Exercise goal: Give the line with "ангара зима зимний" again, along with every line below it to the end of the records, word for word.
BEGIN Material to process
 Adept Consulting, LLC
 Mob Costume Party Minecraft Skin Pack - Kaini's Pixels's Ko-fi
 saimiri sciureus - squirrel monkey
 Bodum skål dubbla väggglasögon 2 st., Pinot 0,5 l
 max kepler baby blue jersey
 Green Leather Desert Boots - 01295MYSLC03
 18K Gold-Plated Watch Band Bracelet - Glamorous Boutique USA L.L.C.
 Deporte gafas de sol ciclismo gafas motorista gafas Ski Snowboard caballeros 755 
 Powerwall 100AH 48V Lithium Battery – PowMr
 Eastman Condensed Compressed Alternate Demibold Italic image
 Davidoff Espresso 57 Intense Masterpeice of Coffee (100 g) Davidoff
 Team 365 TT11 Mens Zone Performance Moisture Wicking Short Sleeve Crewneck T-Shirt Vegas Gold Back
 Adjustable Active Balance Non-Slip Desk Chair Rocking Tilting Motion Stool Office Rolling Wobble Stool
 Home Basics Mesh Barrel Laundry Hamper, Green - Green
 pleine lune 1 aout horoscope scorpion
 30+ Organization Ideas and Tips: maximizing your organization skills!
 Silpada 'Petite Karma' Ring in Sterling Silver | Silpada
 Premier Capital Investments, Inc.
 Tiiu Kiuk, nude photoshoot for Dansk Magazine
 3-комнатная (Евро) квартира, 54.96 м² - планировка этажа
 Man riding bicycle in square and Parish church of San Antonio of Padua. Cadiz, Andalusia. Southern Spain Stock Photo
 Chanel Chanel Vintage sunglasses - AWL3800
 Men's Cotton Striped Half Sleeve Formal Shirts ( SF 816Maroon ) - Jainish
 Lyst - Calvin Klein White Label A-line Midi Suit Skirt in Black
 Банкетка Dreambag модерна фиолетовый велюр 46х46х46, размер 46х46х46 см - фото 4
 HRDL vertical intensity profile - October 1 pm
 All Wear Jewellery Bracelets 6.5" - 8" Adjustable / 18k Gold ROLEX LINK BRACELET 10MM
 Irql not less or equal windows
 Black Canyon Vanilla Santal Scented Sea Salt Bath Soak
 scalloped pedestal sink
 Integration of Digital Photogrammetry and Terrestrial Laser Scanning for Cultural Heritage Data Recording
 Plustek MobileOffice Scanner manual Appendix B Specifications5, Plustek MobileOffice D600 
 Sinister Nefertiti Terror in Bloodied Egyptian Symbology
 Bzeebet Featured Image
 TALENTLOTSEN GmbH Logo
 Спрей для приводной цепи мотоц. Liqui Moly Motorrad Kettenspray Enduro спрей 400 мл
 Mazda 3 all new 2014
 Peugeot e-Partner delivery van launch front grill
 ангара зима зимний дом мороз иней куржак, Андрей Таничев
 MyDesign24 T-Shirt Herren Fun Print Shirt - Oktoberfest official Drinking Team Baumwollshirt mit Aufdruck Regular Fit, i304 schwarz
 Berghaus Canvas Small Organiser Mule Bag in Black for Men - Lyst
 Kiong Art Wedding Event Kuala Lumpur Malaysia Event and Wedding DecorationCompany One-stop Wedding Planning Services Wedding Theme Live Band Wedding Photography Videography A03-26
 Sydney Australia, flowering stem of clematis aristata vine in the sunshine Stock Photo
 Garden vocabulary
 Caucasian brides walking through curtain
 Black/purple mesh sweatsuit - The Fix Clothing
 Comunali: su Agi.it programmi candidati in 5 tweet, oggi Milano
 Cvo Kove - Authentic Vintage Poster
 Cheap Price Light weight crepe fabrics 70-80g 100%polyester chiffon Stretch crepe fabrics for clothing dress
END Material to process
Exercise solution:
 ангара зима зимний дом мороз иней куржак, Андрей Таничев
 MyDesign24 T-Shirt Herren Fun Print Shirt - Oktoberfest official Drinking Team Baumwollshirt mit Aufdruck Regular Fit, i304 schwarz
 Berghaus Canvas Small Organiser Mule Bag in Black for Men - Lyst
 Kiong Art Wedding Event Kuala Lumpur Malaysia Event and Wedding DecorationCompany One-stop Wedding Planning Services Wedding Theme Live Band Wedding Photography Videography A03-26
 Sydney Australia, flowering stem of clematis aristata vine in the sunshine Stock Photo
 Garden vocabulary
 Caucasian brides walking through curtain
 Black/purple mesh sweatsuit - The Fix Clothing
 Comunali: su Agi.it programmi candidati in 5 tweet, oggi Milano
 Cvo Kove - Authentic Vintage Poster
 Cheap Price Light weight crepe fabrics 70-80g 100%polyester chiffon Stretch crepe fabrics for clothing dress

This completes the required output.